Local civic body in Ongole, Andhra Pradesh, India

Ongole Municipal Corporation is the civic body that governs the city of Ongole in the Indian state of Andhra Pradesh. Municipal Corporation mechanism in India was introduced during British Rule with formation of municipal corporation in Madras (Chennai) in 1688, later followed by municipal corporations in Bombay (Mumbai) and Calcutta (Kolkata) by 1762. Ongole Municipal Corporation is headed by Mayor of city and governed by Commissioner.

== Jurisdiction ==

Population (census 2011) 2,32,739,
Area (in square kilometres) 132.45,
No. of Households 61,694,
No. of Divisions 50,
Length of Roads (km) 315,
Length of Drains (km) 740.

== List of mayors ==

Ongole Municipal Corporation (OMC)
| Sno. | Mayor | DY Mayor | Term start | Term end | Party |  | Notes |
| 1. | Gangada Sujatha | Vemuri Suryanarayana V.Madavarao | 2021 | 2026 | YSR Congress Party |  | First Mayor of OMC |
| 2. | Gangada Sujatha | Vemuri Suryanarayana | 2024 | 2026 | Telugu Desam Party |  |  |

| Political party |  | Symbol | Won | Change |
|---|---|---|---|---|
|  | YSR Congress Party |  | 41 | Steady |
|  | Telugu Desam Party |  | 6 | Steady |
|  | Independents |  | 2 | Steady |
|  | Jana Sena Party |  | 1 | Steady |

== Administration ==

The corporation is administered by an elected body, headed by the Mayor. The present Municipal Commissioner is K. Venkateswara Rao

== Functions ==
Ongole Municipal Corporation is created for the following functions:

- Planning for the town including its surroundings which are covered under its Department's Urban Planning Authority .
- Approving construction of new buildings and authorising use of land for various purposes.
- Improvement of the town's economic and Social status.
- Arrangements of water supply towards commercial, residential and industrial purposes.
- Planning for fire contingencies through Fire Service Departments.
- Creation of solid waste management, public health system and sanitary services.
- Working for the development of ecological aspect like development of Urban Forestry and making guidelines for environmental protection.
- Working for the development of weaker sections of the society like mentally and physically handicapped, old age and gender biased people.
- Making efforts for improvement of slums and poverty removal in the town.

== Revenue sources ==

The following are the Income sources for the corporation from the Central and State Government.
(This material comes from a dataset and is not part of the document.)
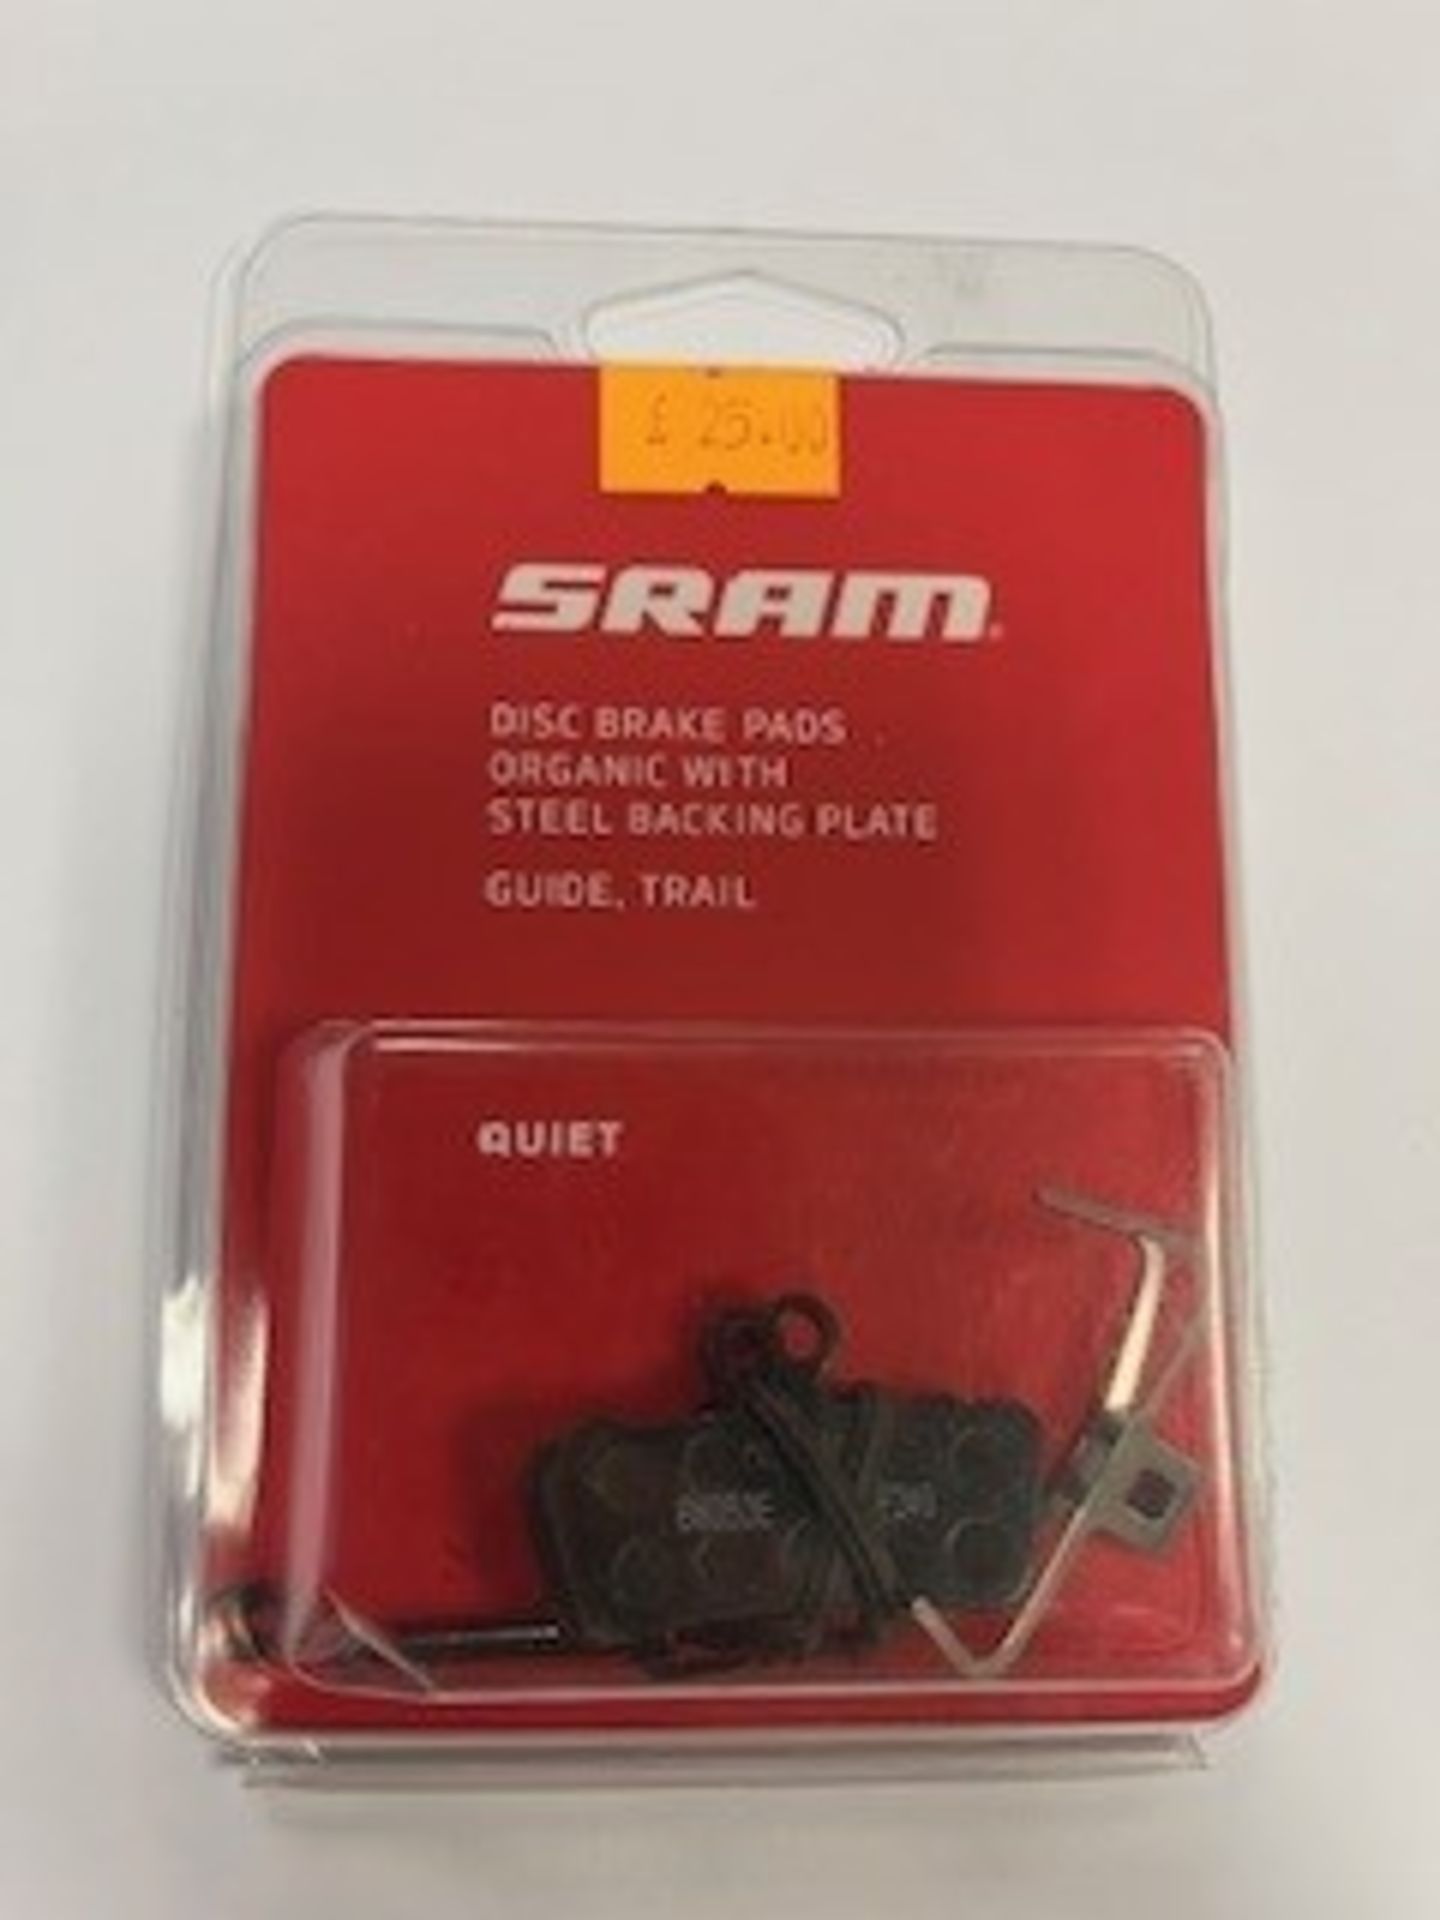 Sram Brake Pads to include 5x Disc Brake Pads Organic with Steel Backing Plate (HRD, LEVEL ULT, LEVE - Image 3 of 9
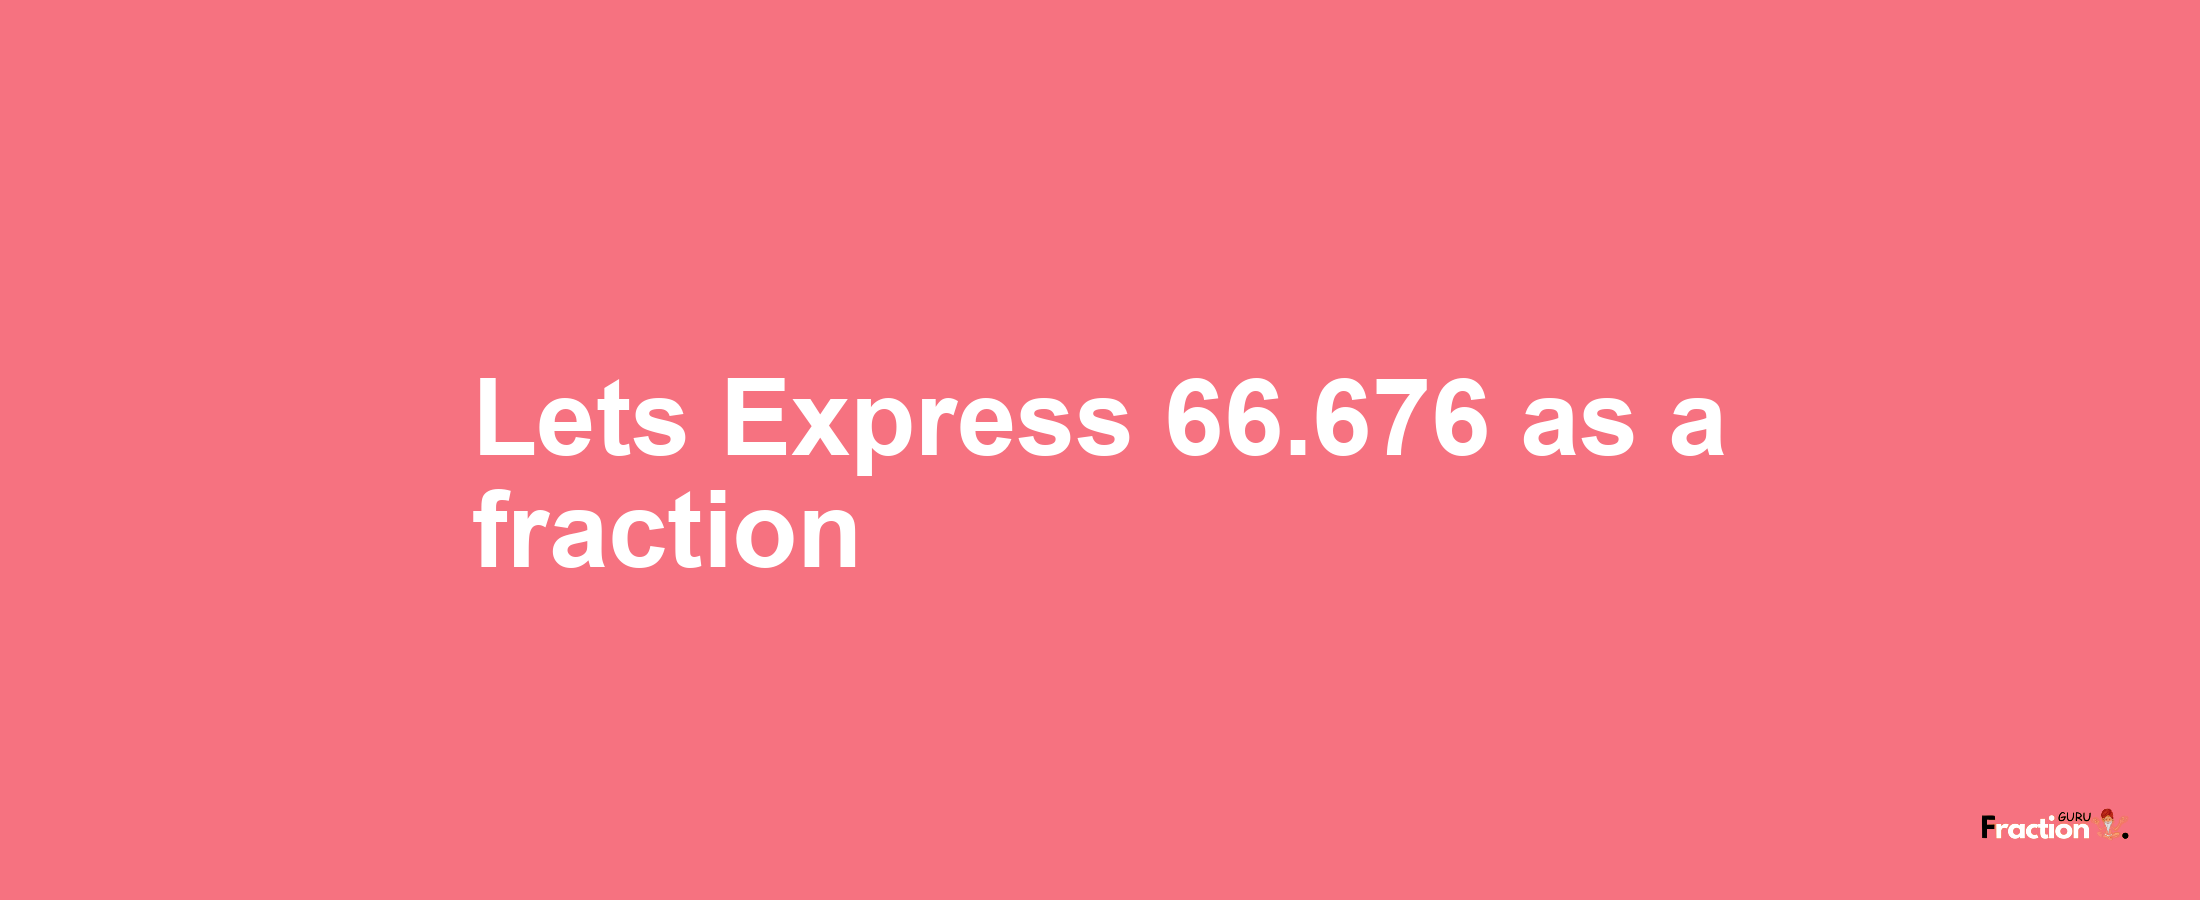 Lets Express 66.676 as afraction

=== Revenue from taxes ===
Following is the Tax related revenue for the corporation.

- Property tax.
- Profession tax.
- Entertainment tax.
- Grants from Central and State Government like Goods and Services Tax.
- Advertisement tax.

=== Revenue from non-tax sources ===

Following is the Non Tax related revenue for the corporation.

- Water usage charges.
- Fees from Documentation services.
- Rent received from municipal property.
- Funds from municipal bonds.

==Awards and achievements==
In 2015, as per the Swachh Bharat Abhiyan of the Ministry of Urban Development, Ongole Municipal Corporation was ranked 357th in the country.